MongoDB is advertised with features of its ability to be “schemaless”. It does not mean you do not need to design your database schema or there is no database schema applicable for MongoDB. It is a good idea to enforce some schema validation during the data insertion into the collections for better performance and scalability. Designing the schema can be tedious, yet, it can be fun too.
Avoid Growing Documents
By default, MongoDB allows 16MB size per document. If you intend to allow your documents to grow in size continuously, it is advisable to avoid it because,
- It can lead to degradation of database and I/O performance.
- A bad design of schema leads to failure of queries, sometimes.
Avoid Updating Whole Documents
When you do update, try to avoid updating whole document because MongoDB will rewrite the whole document elsewhere in the memory. Hence, it degrades the write performance in your database. Instead, you can use field modifiers to update only specific fields in the documents. It will trigger an in-place update in memory. Hence, it improves performance.
Avoid Application-Level Joins
As MongoDB does not support server level joins, therefore, we have to get all the data from the database and then perform the join at the application level. If we are working on a large amount of data, calling to the database several times to get necessary data is obviously required more time. A suggestion to denormalize schema makes more sense when your application heavily relies on joins. You can use embedded documents to get all the required data in a single query.
Below is an use case for embedded document where you put the addresses in an array inside of Person object.
The advantage of embedded document is you do not have to perform a separate query to get the embedded details. The disadvantage is you have no way to access the embedded details as standalone entities.
Field names Take Up Space
It is less important. When you get up to billions of records, it significantly affects on your index size. Disk space is cheap but RAM is not.
Use Proper Indexing
If the index on sorting field is not available, MongoDB is forced to sort without an index. There is a memory limit of 32MB of total size of all documents which are involved in the sort operation. If MongoDB hits that limit, then it may either produce and error or return an empty dataset. It is also important not to add unnecessary indexes because each index you add, you have to update all indexes while updating documents in database. It will cause,
- degrade database performance.
- occupy space and memory.
- number of indexes can lead to storage-related problems.
One more way to optimize the use of an index is overriding the default _id field. The only purpose of this field is keeping one unique field per document. If your data contains a timestamp or any id field then you can override _id field and save one extra index.
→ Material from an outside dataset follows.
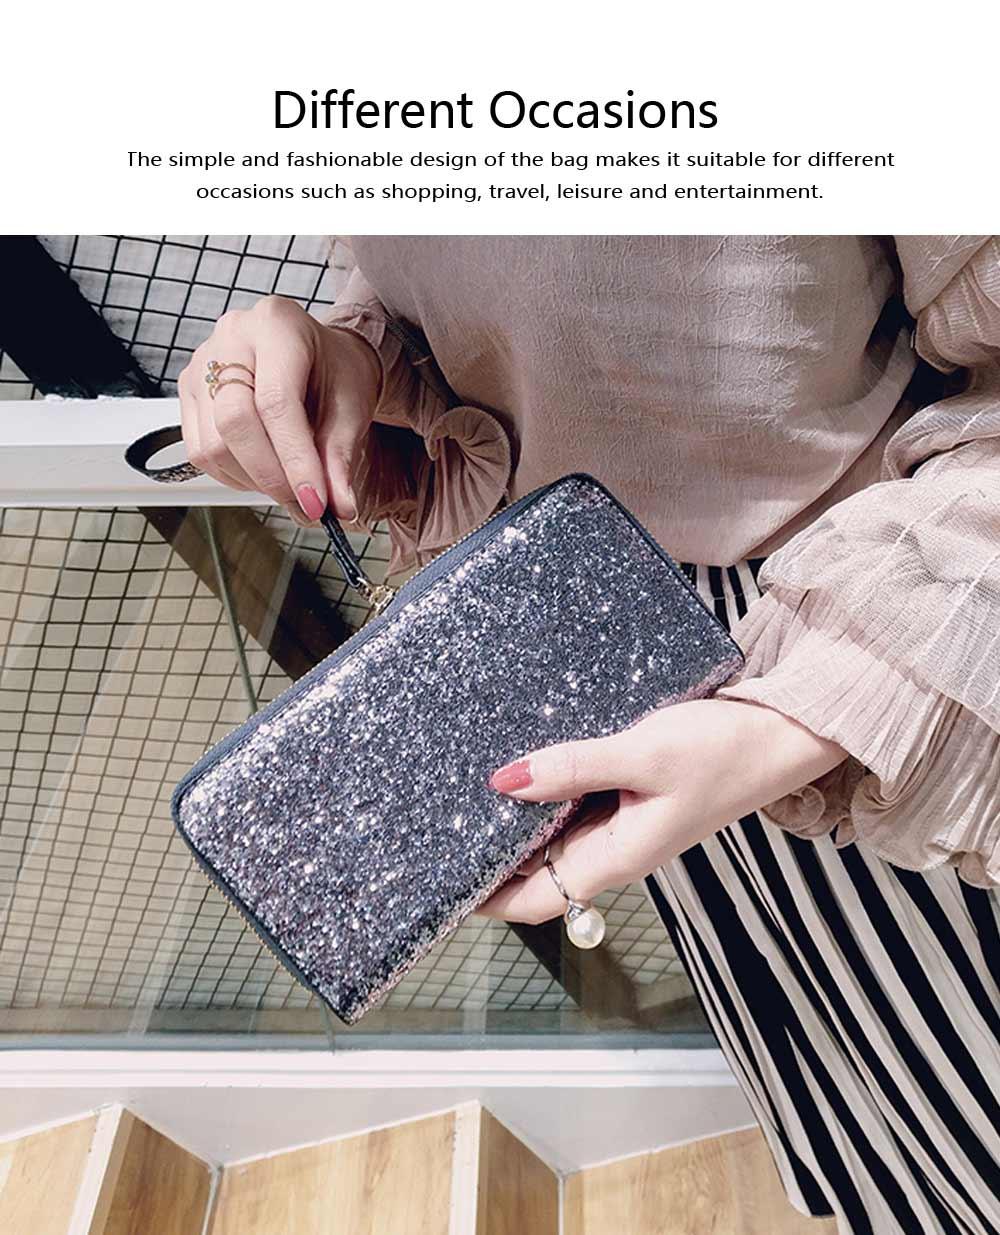 2019 Newest Evening Hand Bag Paillette Purse for Women Lady Girl, Fashionable Long Style Purse, Hand Clutch Bag, Simple Classic Purse 4 Colors 4

If you create an index which contains all the fields that you would query and all the fields that will be returned by that query, MongoDB will never need to read the data because it is all contained within the index. This significantly reduces the need to fit all data into memory for maximum performance. It is called covered queries.
Read vs Write Ratio
When designing schema for any application, it depends whether the application is read heavy or write heavy. For example, when we build a dashboard to display timeseries data where constantly there is a stream of data loaded into the database, then you should design the schema in such a way that maximize the write throughput. If most of the operations in the application is read, then you should use denormalized schema to reduce the number of calls to be the database for getting data.
BSON Data Types
Make sure you define BSON data types for all fields correctly while designing the schema because changing the data type of any field, MongoDB will rewrite the whole document in a new memory space (can cause a document to be moved).